Step 1: The numerator \(x^2-y^2+2ixy\) equals \(z^2\), and the denominator \(x^2+y^2\) equals \(|z|^2=z\bar z\). So for \(z\neq0\),
\[f(z)=\frac{z^2}{z\bar z}=\frac{z}{\bar z}.\]
Step 2: Write \(z=re^{i\theta}\), so \(\bar z=re^{-i\theta}\) and \(f(z)=z/\bar z=e^{2i\theta}\). As \(z\to0\) along the ray of angle \(\theta\), the value stays \(e^{2i\theta}\), which depends on \(\theta\): along \(\theta=0\), \(f\to1\); along \(\theta=\pi/2\), \(f\to e^{i\pi}=-1\). Since different directions give different limiting values, \(\lim_{z\to0}f(z)\) does not exist. Statement (I) is false.
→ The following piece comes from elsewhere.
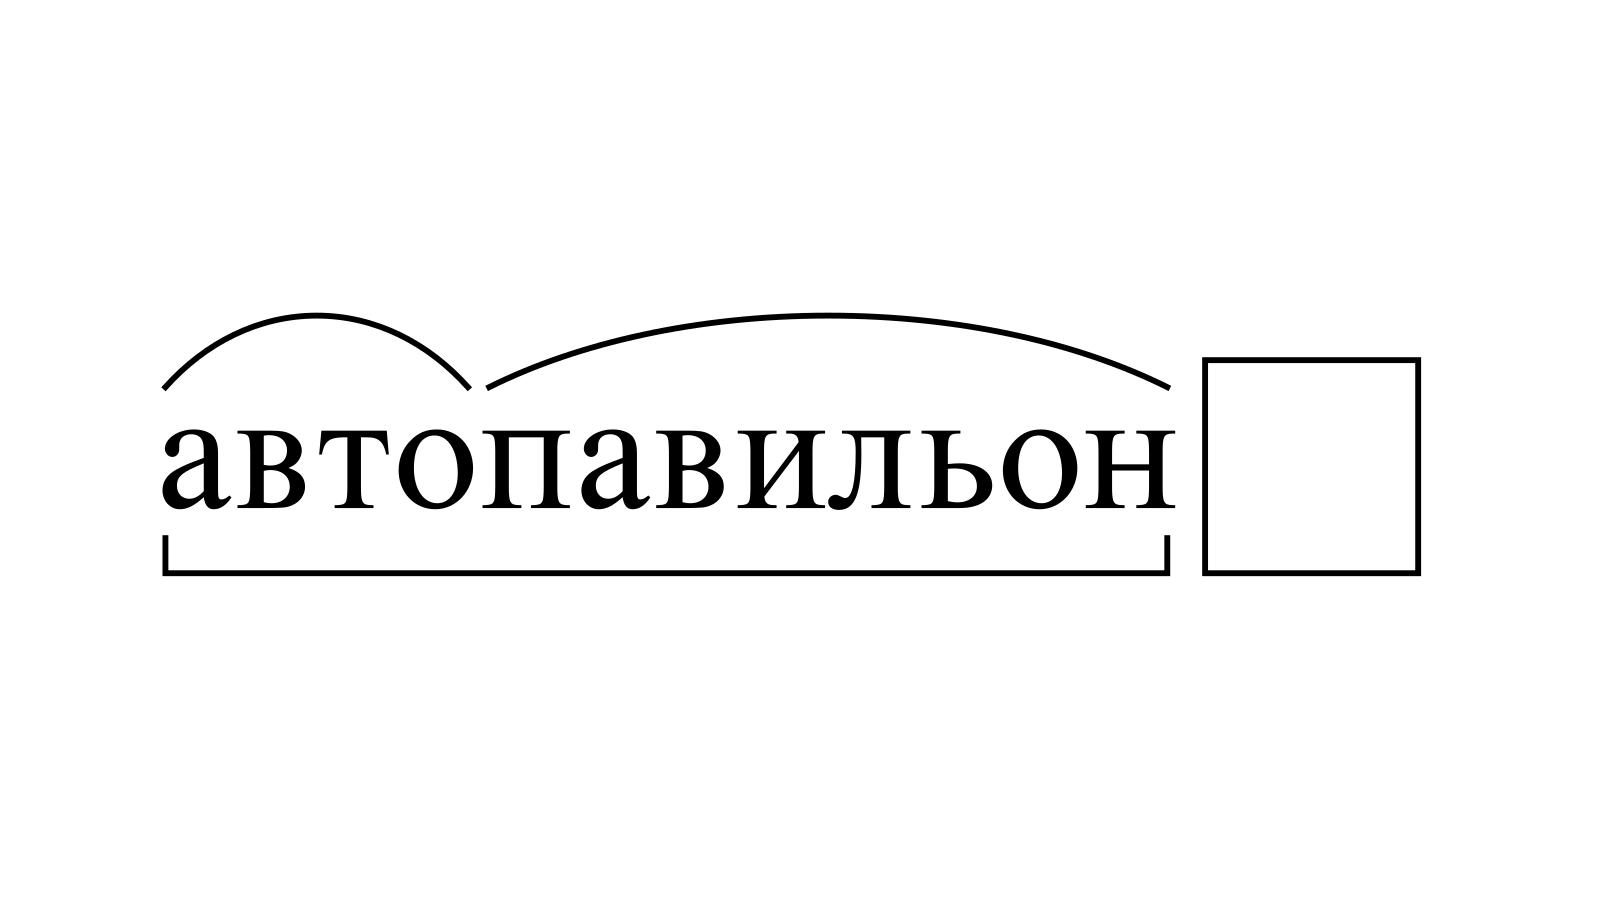 Разбор слова «автопавильон» по составу

Step 3: For (II), \(f(z)=\operatorname{Re}(z)/|z|=x/\sqrt{x^2+y^2}\) for \(z\neq0\). Along the positive real axis (\(y=0,x\to0^+\)), \(f=1\); along the imaginary axis (\(x=0\)), \(f=0\). These path limits disagree, so \(\lim_{z\to0}f(z)\) does not exist, and hence \(f\) cannot be continuous at \(z=0\) no matter what value \(f(0)\) is assigned. Statement (II) is false.
Step 4: Neither (I) nor (II) is true.
\[\boxed{\text{Neither (I) nor (II) is true}}\]